The Heartwarming Reason My Grandma Ironed My Grandpa’s Work Clothes Every Day—Even Though He Was a Farmer
The author’s grandmother wanted the world
to see her husband not as an aging farmer with false teeth but exactly as she did.
Even though my grandfather, whom I called Papaw, was a farmer, my mamaw would iron his work clothes every day. Mamaw mixed up her own starch in a glass Coke bottle topped with a metal cap that had a multitude of holes in it, like a saltshaker. She would sprinkle Papaw’s pants with the starch, hang them over a chair for a few minutes so they could dry a bit, and then apply the heat of the iron to them. (Here’s how to de-wrinkle clothes without an iron, if you don’t have one!)
Because I watched her do this through my childhood, I figured every old woman in the world did it. But as the years passed, I began to question this practice. Why in the world did Papaw need his work clothes ironed? Most days, he never saw anyone but me and maybe a few other crusty farmers.
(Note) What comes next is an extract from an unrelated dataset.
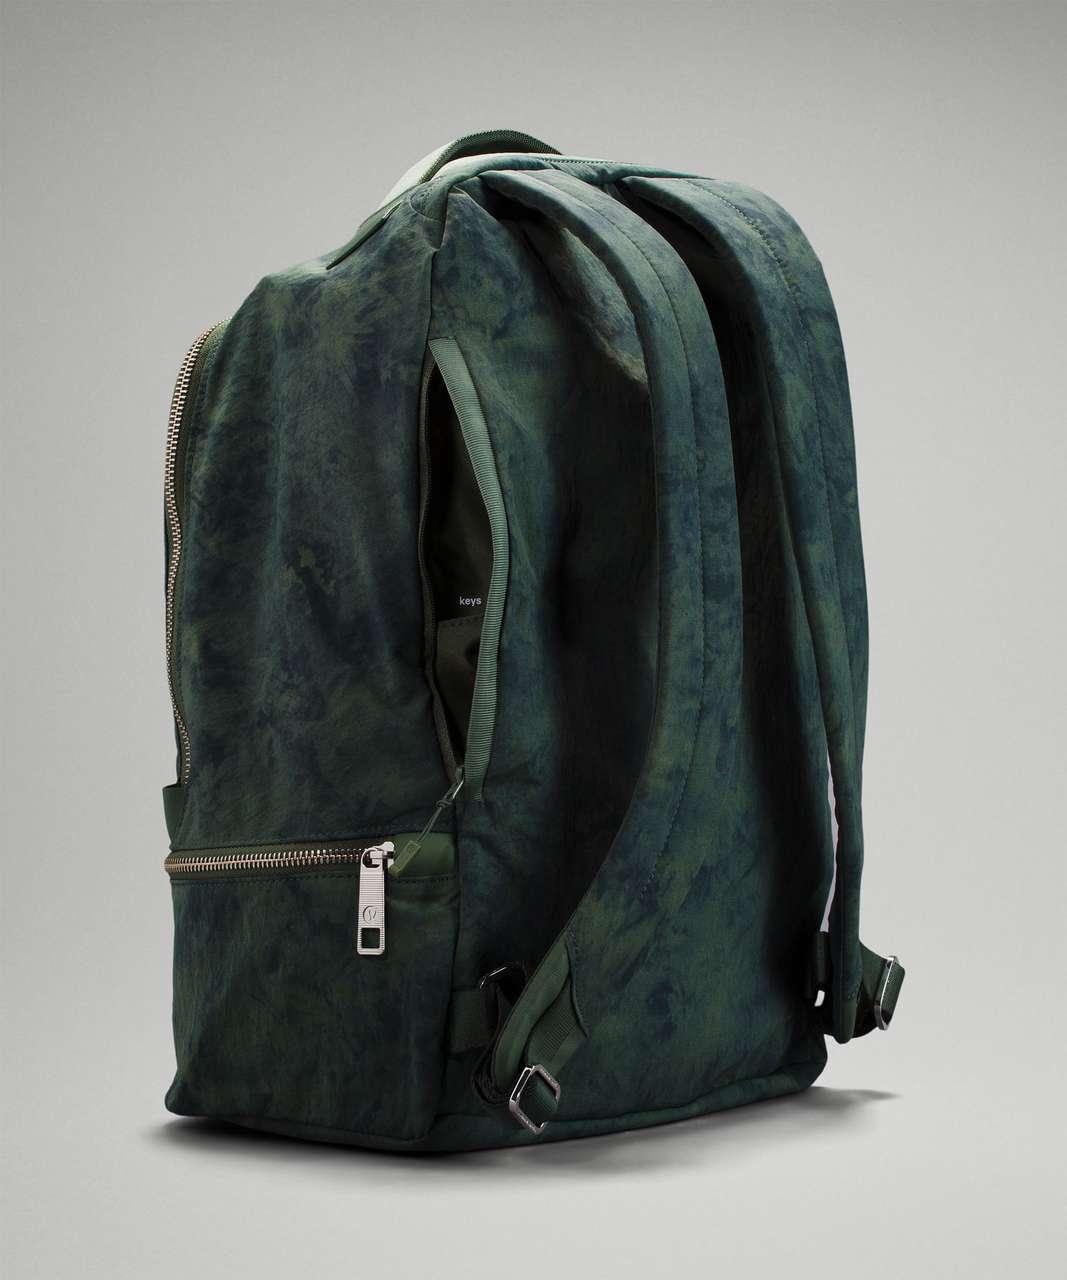 Lululemon City Adventurer Backpack 17L - Aquila Green Twill Multi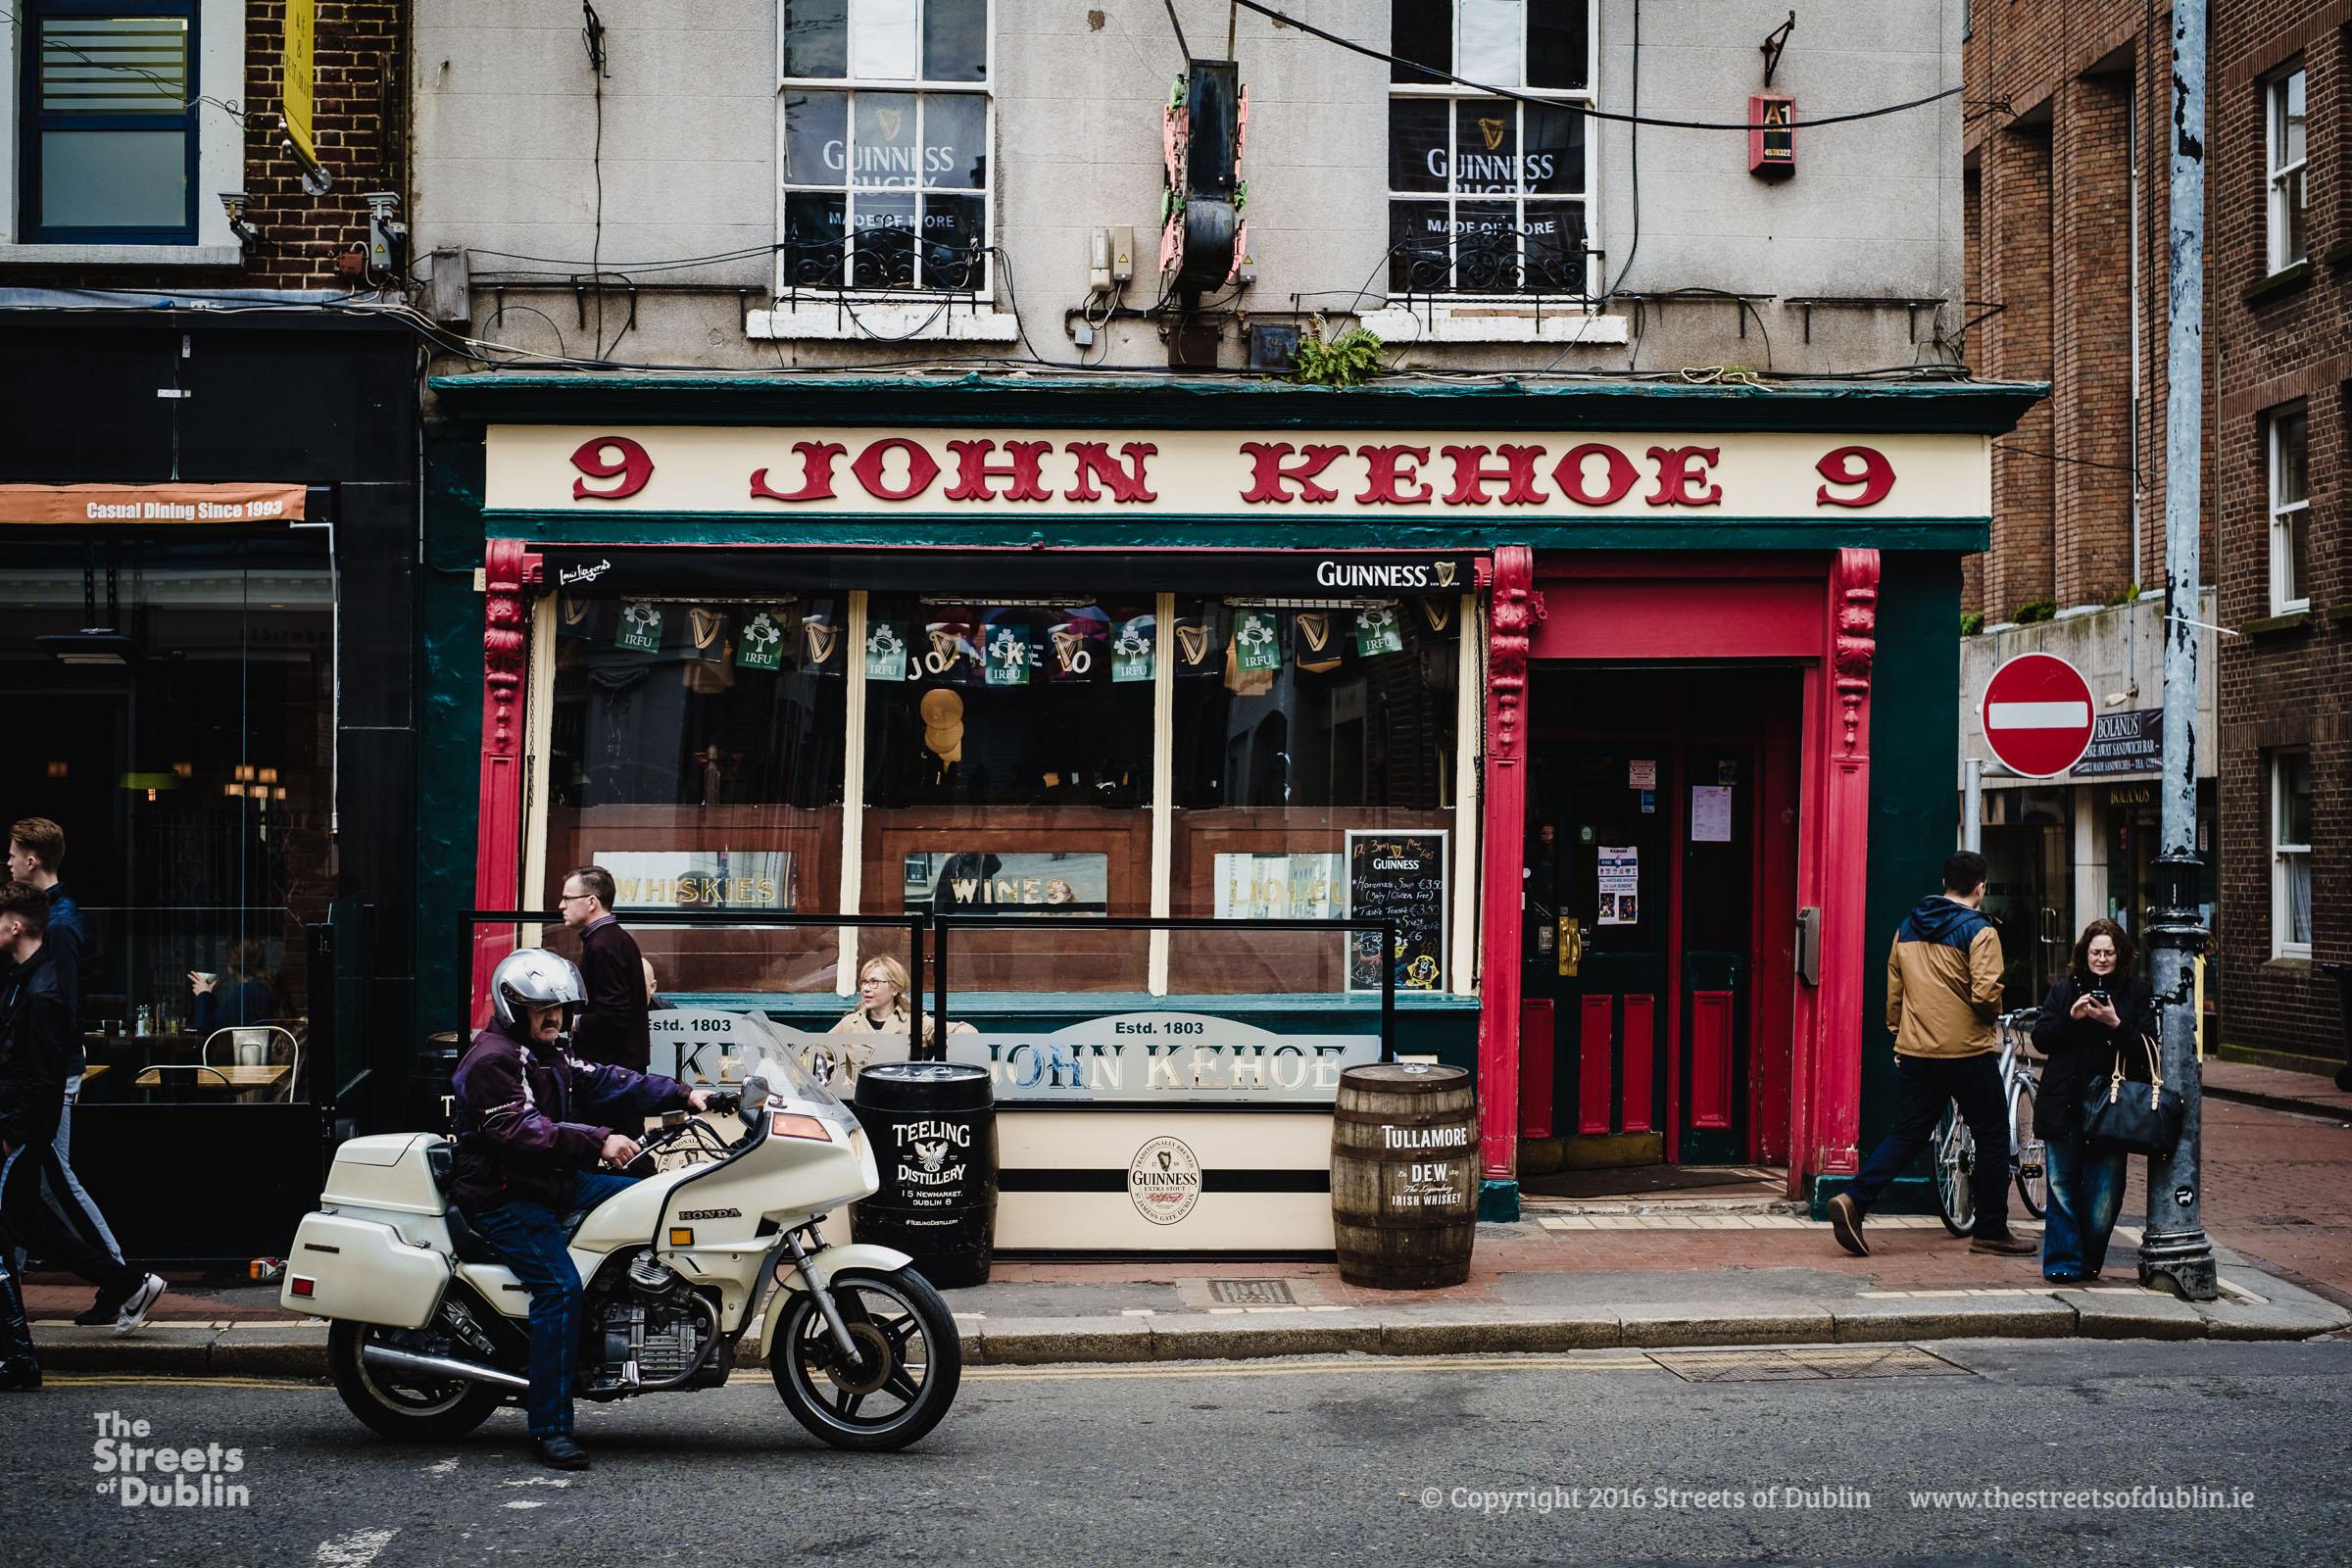 Streets-of-Dublin-Photo-2009.jpg

Mamaw never ironed my clothes, and I sure didn’t see any use in doing it for myself. Heck, my clothes were usually so dirty by 9 a.m. that any sign of ironing would be long gone.
One day when I was about 13, I asked Mamaw about it.
I wanted to know why she thought it necessary to invest time and effort to press clothes that were rarely seen and would
be filthy in just a short time.
Her reply was as sweet a sentiment as I have ever heard.
She told me that Papaw was the most handsome man in
the world. She said he was her best friend and the love of
her life. She loved every chance she got to show him off and make the rest of the world jealous that he was hers. (You have to read more advice on love and marriage from these couples married over 50 years.)
She went on to say, “You just
never know when Papaw might run into someone, and I want him to look the part of the most handsome man God ever made.”
Later that day, I looked closely
at Papaw. He sure didn’t look all that handsome to me. He was a short, skinny man with a relatively big fanny compared with his shoulders. His hair was thin on top, and
his false teeth didn’t line up too good when he smiled. He wore horn-rimmed glasses that were much too big for his face because
all he cared about was being able
to see. I really didn’t see how
anyone could consider this man
the most handsome one God ever made.
So I asked Mamaw about it again a few days later. I informed her that I had closely observed ol’ Elmo Brown and most certainly didn’t see him as the most handsome man on earth.
She giggled and gave me a girlish smile, the kind you don’t expect grandmothers to be able to express at their age.
“You just aren’t looking in the right light, Turdhead [my grandparents’ fond nickname for me]. He is the most beautiful man God
ever made. Those eye wrinkles haven’t always been there. I remember when he had real teeth. He has the most beautiful blue eyes I have ever seen. They are exactly the same color as the sky just before the sun goes down. His entire face lights up when he smiles, and his voice is so calming and full that everyone in nine counties wants to hear him talk.”
Say what? My papaw had always been an old man as far as I was concerned. Was Mamaw actually wanting me to consider that Papaw used to
be young? Ha ha ha, no way!
She continued, “I want him to
feel beautiful. I iron his clothes every day because for all these years, he
has made me feel beautiful. He is a man worthy of respect.
I want him to look the part every day. I wouldn’t have it any other way.”
I heard what she said and was kinda grossed out. I decided to forget
I had ever asked. How could this old woman think that an old man with false teeth was beautiful? Sheesh, I thought. Old people.
The years went on, and I watched Mamaw and Papaw grow old together. I was probably 30 when it dawned on me what beauty really was—it was Mamaw ironing Papaw’s pants with starch from a Coke bottle.